How long will this winter last?


Winter isn’t coming, it’s here. But not only do we not know how long this frost will last, neither do the characters. Westeros’s seasons make no sense at all—winters and summers last anywhere from a few months to several years to multiple generations, with no rhyme or reason as to why. Unless Westeros’s planet sports a super-wobbly axis and is constantly pulled in and out of orbit by random planets flying around their solar system all willy-nilly, then we can only explain the season issue with, “it’s a show, run with it.”

But eventually (probably near the end of the show), we should get a hint or two about when this winter might end. It might even help play into strategy, once the humans finally realize their silly little throne war means nothing compared to the oncoming threat of ice zombies. If they have any indication at all that this winter isn’t going to last long, they can work to quell the White Walker threat just long enough to make it to summer, when their powers would presumably be much weaker. If no sign of summer arises, and in fact the only forecast is more and more snow, humanity’s only hope might be to retreat as far south as possible and pray their new subzero overlords don’t figure out how sunscreen works.

Who is Jon Snow’s mother?


Jon Snow has a mother, obviously. But we know exactly one thing about her: her name was Wylla. Aside from that, we’ve gotten absolutely no details about who she was, whether she was important, what family she came from, or how she won Ned Stark’s heart (for a night, anyway). It seems odd to dismiss her as a mere random conquest, since this is an epic story—and in epic stories, most characters wind up serving some sort of critical narrative purpose. With that in, Wylla is probably going to wind up being a member of a prominent family, which would give Jon Snow connections to both the Starks and X Family, perhaps making him the reason these families finally begin to stop squabbling, fighting, and killing so much.

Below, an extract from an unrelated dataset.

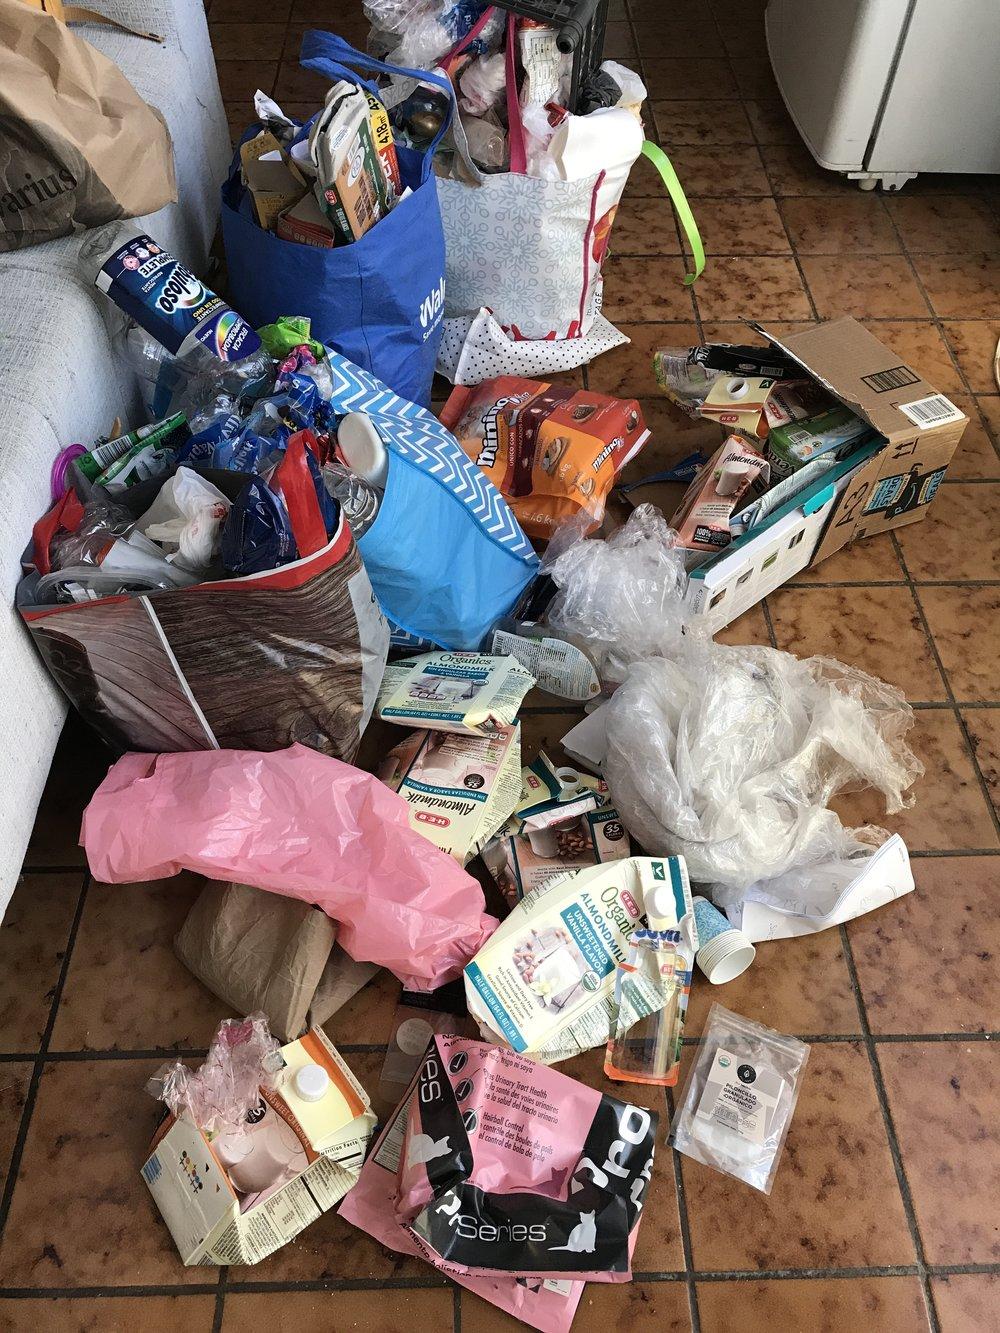 basura reciclar

Unless the White Walkers get to him first, that is.

As GoT readers are aware, the books do go into more detail about Wylla, casting her as a servant of House Dayne. But HBO has repeatedly proven they’re not afraid to deviate from the books if it helps their version of the story. So in this parallel Westeros we watch for ten Sundays a year, Wylla could be anybody, from anywhere. But one thing she surely isn’t is a nobody.